Our determination of the trough date in April 2020 occurred 15 months after that date, in July 2021. Earlier determinations took between 4 and 21 months. There is no fixed timing rule. We wait long enough so that the existence of a peak or trough is not in doubt, and until we can assign an accurate peak or trough date.”

If GDP falls by only a little for two quarters but other factors remain stable, it is feasible that the NBER may not declare a recession. They use a basket of factors beyond GDP to determine the breadth, depth, and length of economic declines when declaring a recession.

Most recessions do include two-quarters of falling GDP. However, this current economy is one of the weirdest anyone has ever seen. We may see two-quarters of falling GDP (real GDP) while employment remains quite strong.

Are We in a Recession Right Now?

The two factors the NBER has watched most closely in determining a recession over the past several decades, personal income and employment, have been relatively steady, if not robust. Obviously, real personal incomes are struggling as inflation eats away the value of a paycheck, but people are still earning and spending.

Graph shows real personal income (income adjusted for inflation) since the year 2000 to present. The graph shows a general climb upward with decreases during years of recessions.

There has been a lot of press about the crash in the tech sector as valuations come back to earth and layoffs begin at some large tech firms, but the economy as a whole is adding jobs. Nonfarm payrolls remain pretty strong and are showing no signs of weakening. One sector’s struggle has not broadly affected the overall job market or economy.

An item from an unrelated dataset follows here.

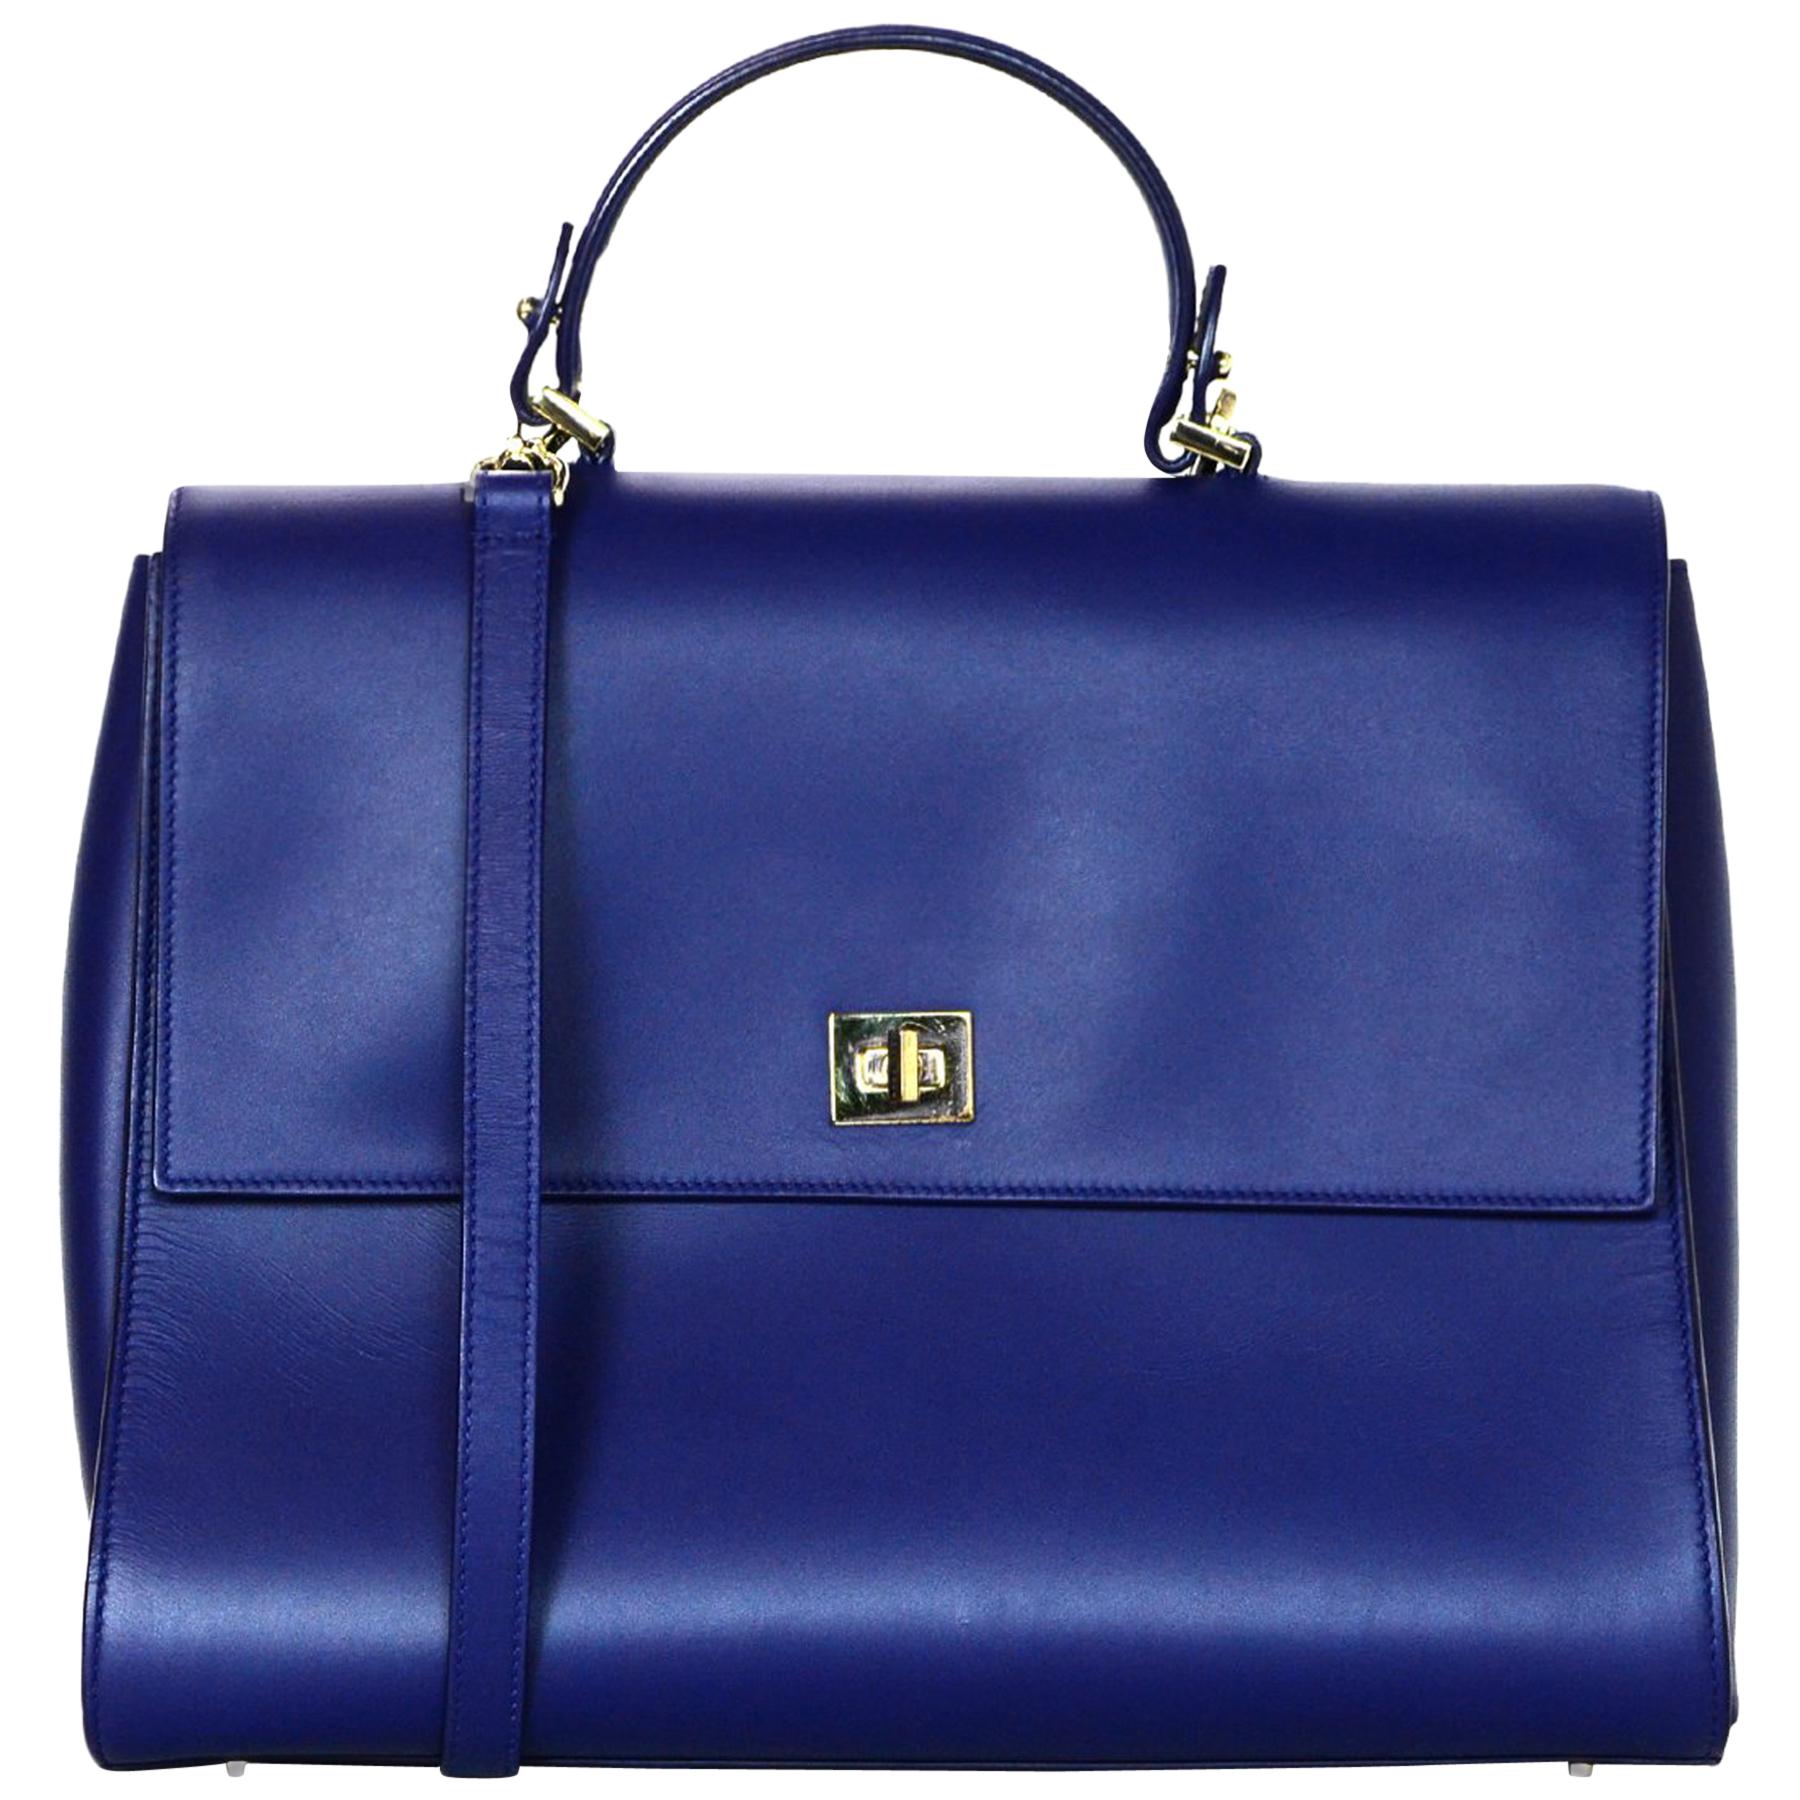 Hugo Boss Blue Leather Bespoke S Top Handle Satchel Bag

Graph shows the total number of employed people from year 2000 to 2022.

Economists Are Bad at Predicting Recessions

Economists and business leaders are notoriously bad at predicting recessions. Nobel prize winner Paul Samuelson famously quipped, “The stock market has predicted nine out of the last five recessions.” An IMF (International Monetary Fund) paper found that of the 153 recessions in 63 economies between 1992 and 2014, economists correctly predicted only five recessions in the year preceding the recession.

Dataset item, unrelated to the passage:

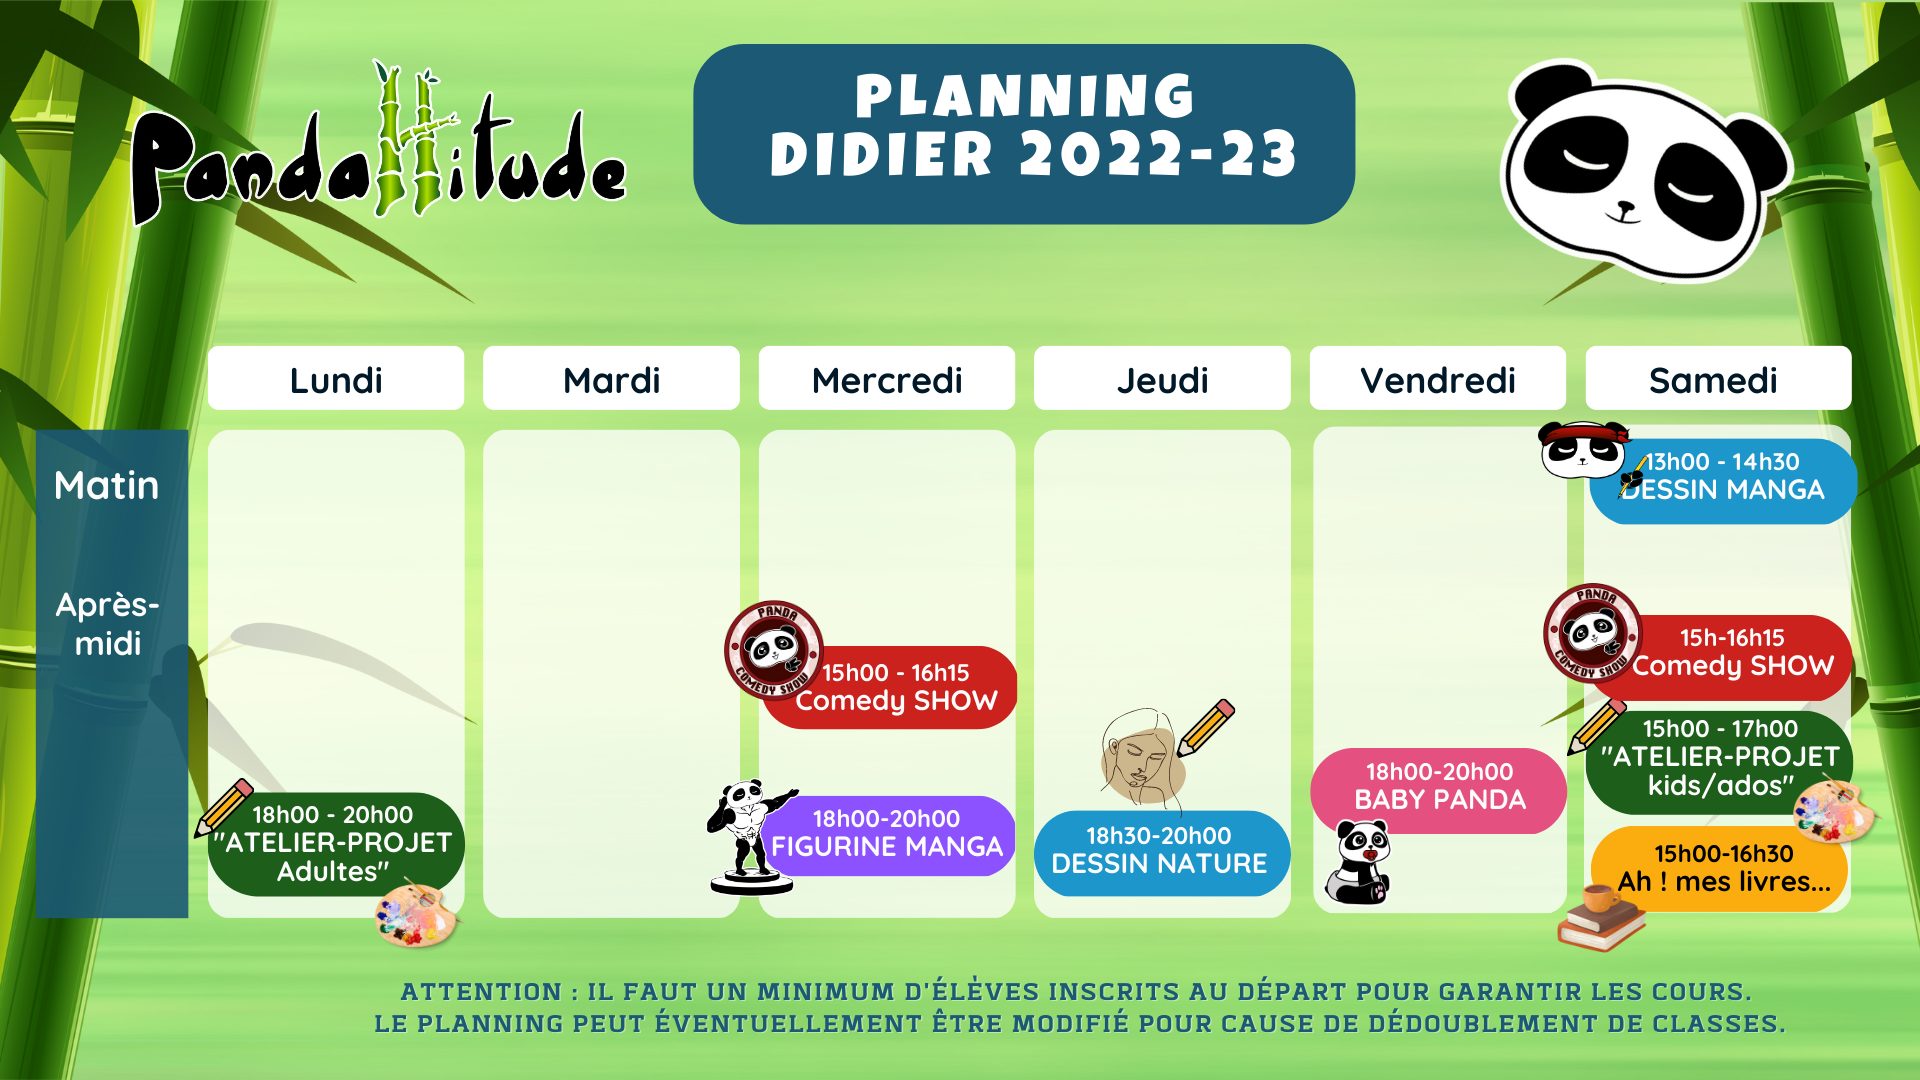 Planning DIDIER 2022-23

That is not to say economists are dumb or bad at their jobs, but predicting the future is impossible. It is impossible to predict the timing and severity of economic shocks (that is literally why it is called a shock) and the effect of any policy response. Economists thought inflation would have fallen by now, but that was before the resurgence of COVID (especially internationally) and the war in Ukraine.

Big exogenous shocks commonly throw off forecasts. Around 2018-2019, many predicted an economic downturn as tariffs began to weigh on global trade, affecting consumers. And we all know what ended up happening in early 2020, and nobody predicted the pandemic collapse. The rapid economic recovery was even harder to predict.

If we are in a recession may not even really matter this time. The Fed is far more concerned about inflation at the moment, so it will continue its rate hikes and quantitative tightening even if economic growth stumbles. Politicians will also have difficulty responding with fiscal stimulus as the midterms approach. Nobody is coming to the rescue should the economy slip into recession, but with solid employment numbers, a rescue may not be necessary.